Somewhere along the way, vulnerability got rebranded as content strategy. But real healing? It’s not always postable. Sometimes it’s just you at 2AM, trying not to spiral from the bathroom floor.
This Isn’t Me Gatekeeping
To be clear, I’m not saying don’t share. Share all you want. Hell, I do. But let’s not confuse visibility with healing. You can be very loud about your trauma and still be stuck in it.
You can have all the language, all the quotes, all the hashtags, and still not know what safety feels like in your body.
What Healing Actually Looks Like
Here’s a peek behind the curtain for those of us who are doing this thing for real:
- Not romantic.
- Often ugly.
- Frequently boring.
- Involves a lot of crying, apologizing, canceling, sleeping, and sitting in your damn feelings.
- It doesn’t always seem like progress.
- Doesn’t always feel like progress either.
Sometimes healing is just… getting through the day without throwing your phone or ghosting everyone you love. And that’s still sacred.
These trends can feel warmed-over and Instagram-friendly, but what’s really happening beneath the surface? I dug into it over here: The dark side of new age healing trends Check it out if you’ve ever wondered why some of this stuff leaves you… empty.

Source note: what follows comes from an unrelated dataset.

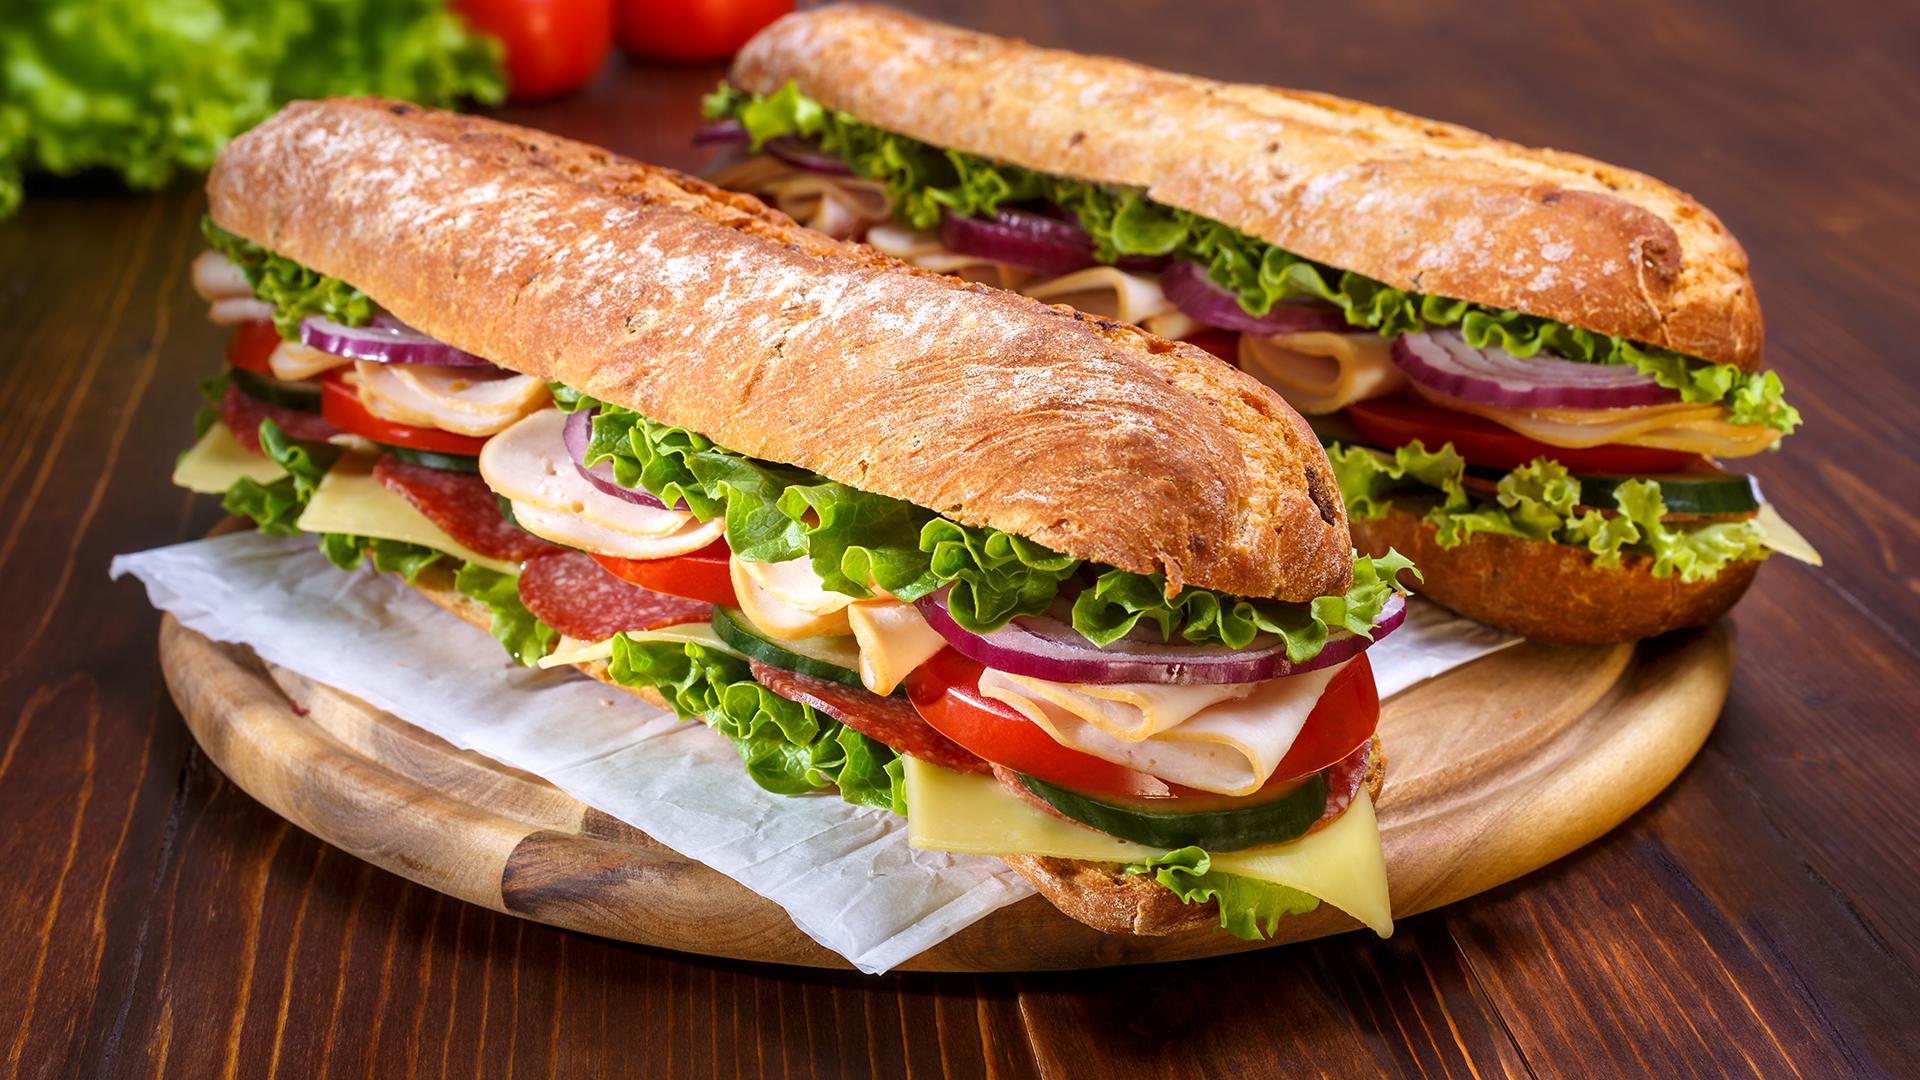 Sub or Sandwiches

So what am I really saying?
I’m saying maybe we don’t need to brand our trauma like it’s a side hustle. Maybe you don’t owe the internet an explanation every time you cry. And some healing gets to be private. Maybe it should be, sometimes.
Because you are not your story. And you are not your pain. You’re the person crawling out of the fire, figuring out what kind of life to build next.
And that? That doesn’t need a filter.
But hey, if you have been posting through the pain? That doesn’t mean you’re doing it wrong.
It just means you’re human, trying to be seen, trying to survive, and of course that counts too.
So wherever you are in your process, public, private, messy, or muted, please know this: I see you. And I’m rooting for you.
Your progress isn’t about the likes, and your journey isn’t a performance. It’s about your path forward, toward something better, toward something safer, toward a life that actually feels like yours.
Yes, share your story, but do so on your terms and not for traction.
Don’t burn yourself out trying to prove you’re healing. That pressure can leave you feeling even more alone, and sometimes, it does more harm than good.
You’re healing, even if no one sees it.